Data excerpt >>
▬▬▬

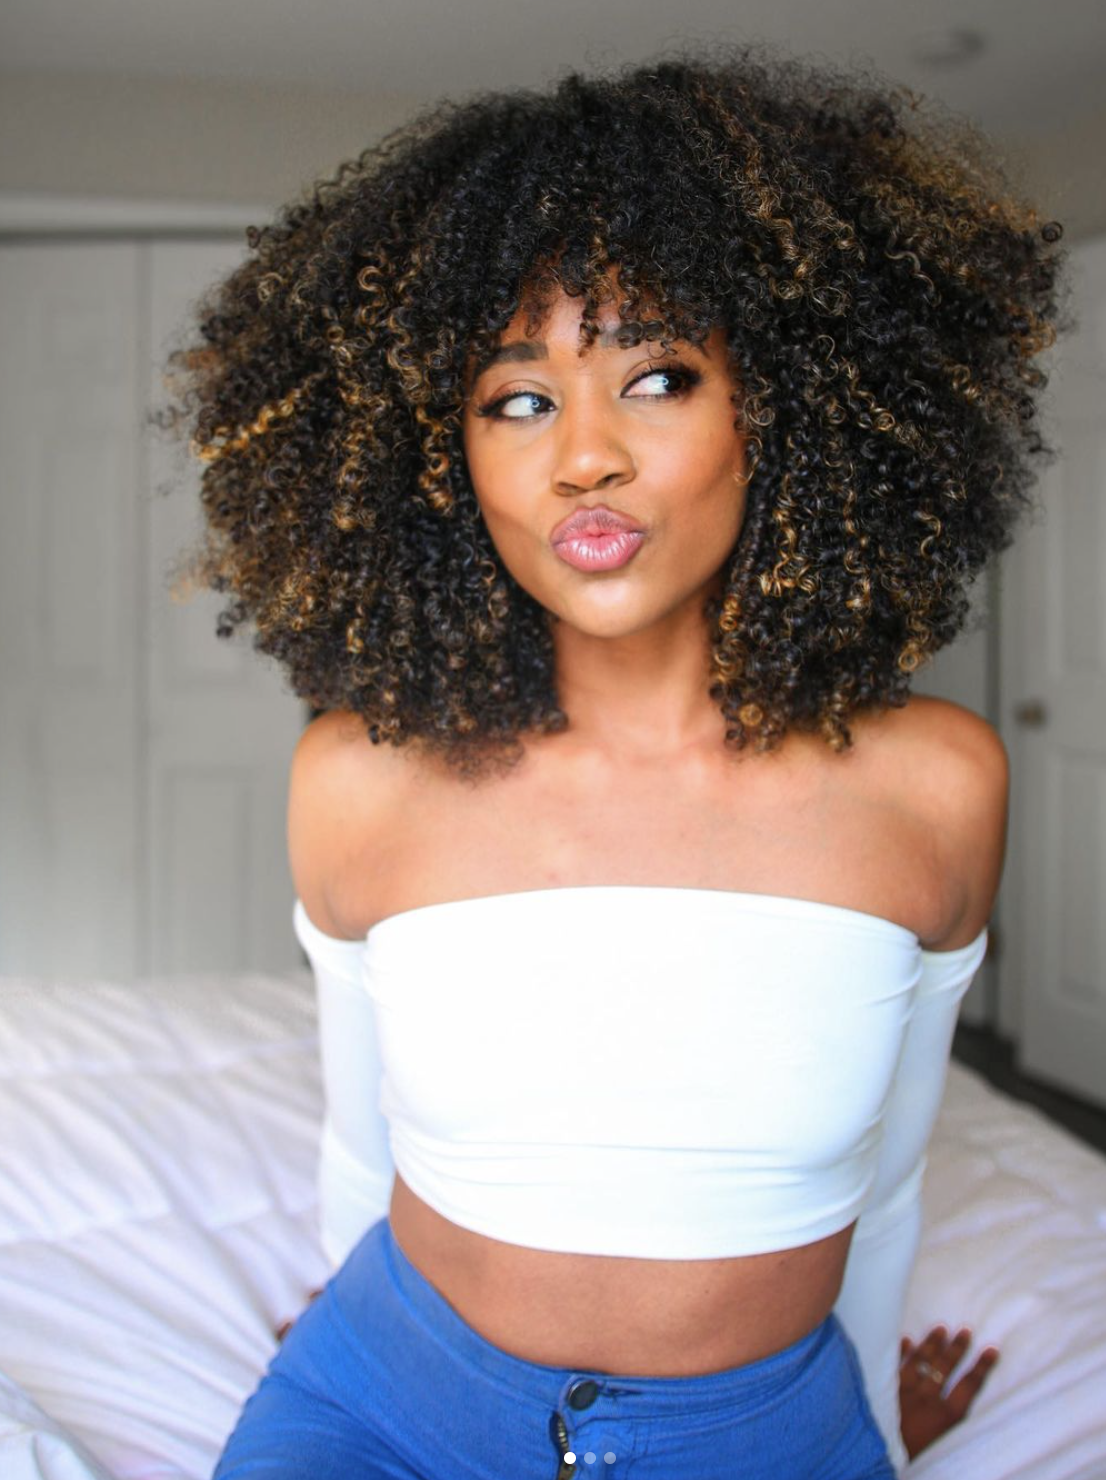 71 Sassy Short Curly Hairstyles To Wear At Any Age! | Short curly haircuts,  Chin length hair, Curly hair styles
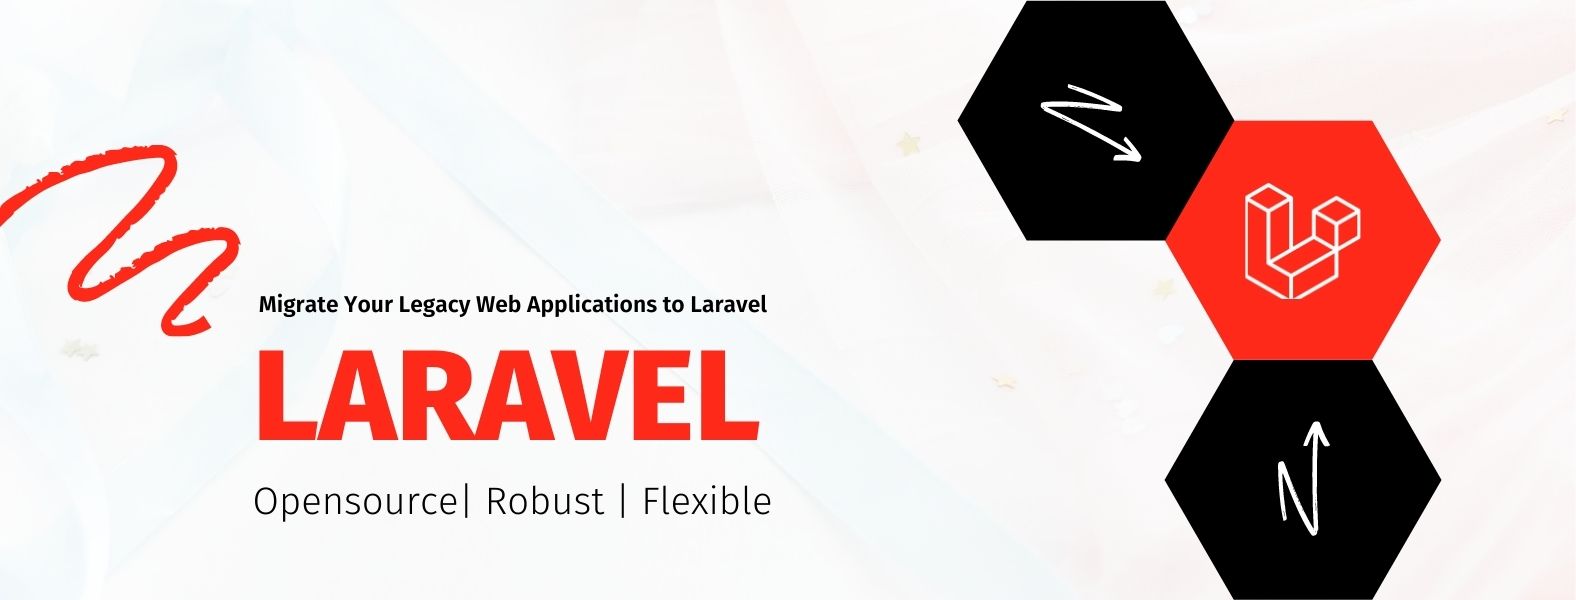 Migrating Your Legacy Web Applications to Laravel 
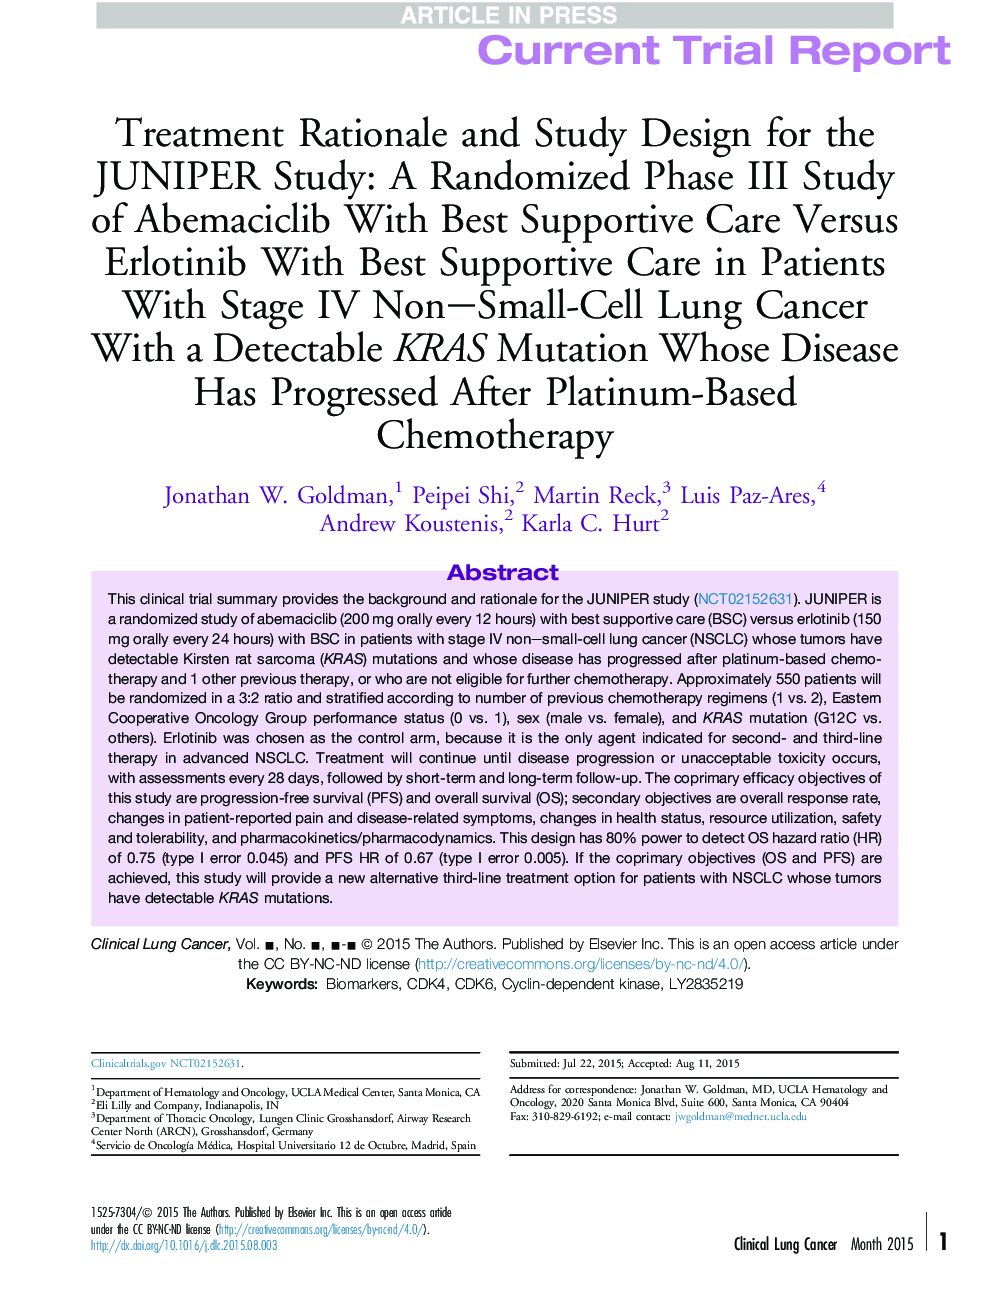 Treatment Rationale and Study Design for the JUNIPER Study: A Randomized Phase III Study of Abemaciclib With Best Supportive Care Versus Erlotinib With Best Supportive Care in Patients With Stage IV Non-Small-Cell Lung Cancer With a Detectable KRAS Mutati

▬▬▬

What this task involves >> Leave out the pictures and set down all of the data exactly.

Solution to the problem >>
 71 Sassy Short Curly Hairstyles To Wear At Any Age! | Short curly haircuts,  Chin length hair, Curly hair styles
 Migrating Your Legacy Web Applications to Laravel 
 Treatment Rationale and Study Design for the JUNIPER Study: A Randomized Phase III Study of Abemaciclib With Best Supportive Care Versus Erlotinib With Best Supportive Care in Patients With Stage IV Non-Small-Cell Lung Cancer With a Detectable KRAS Mutati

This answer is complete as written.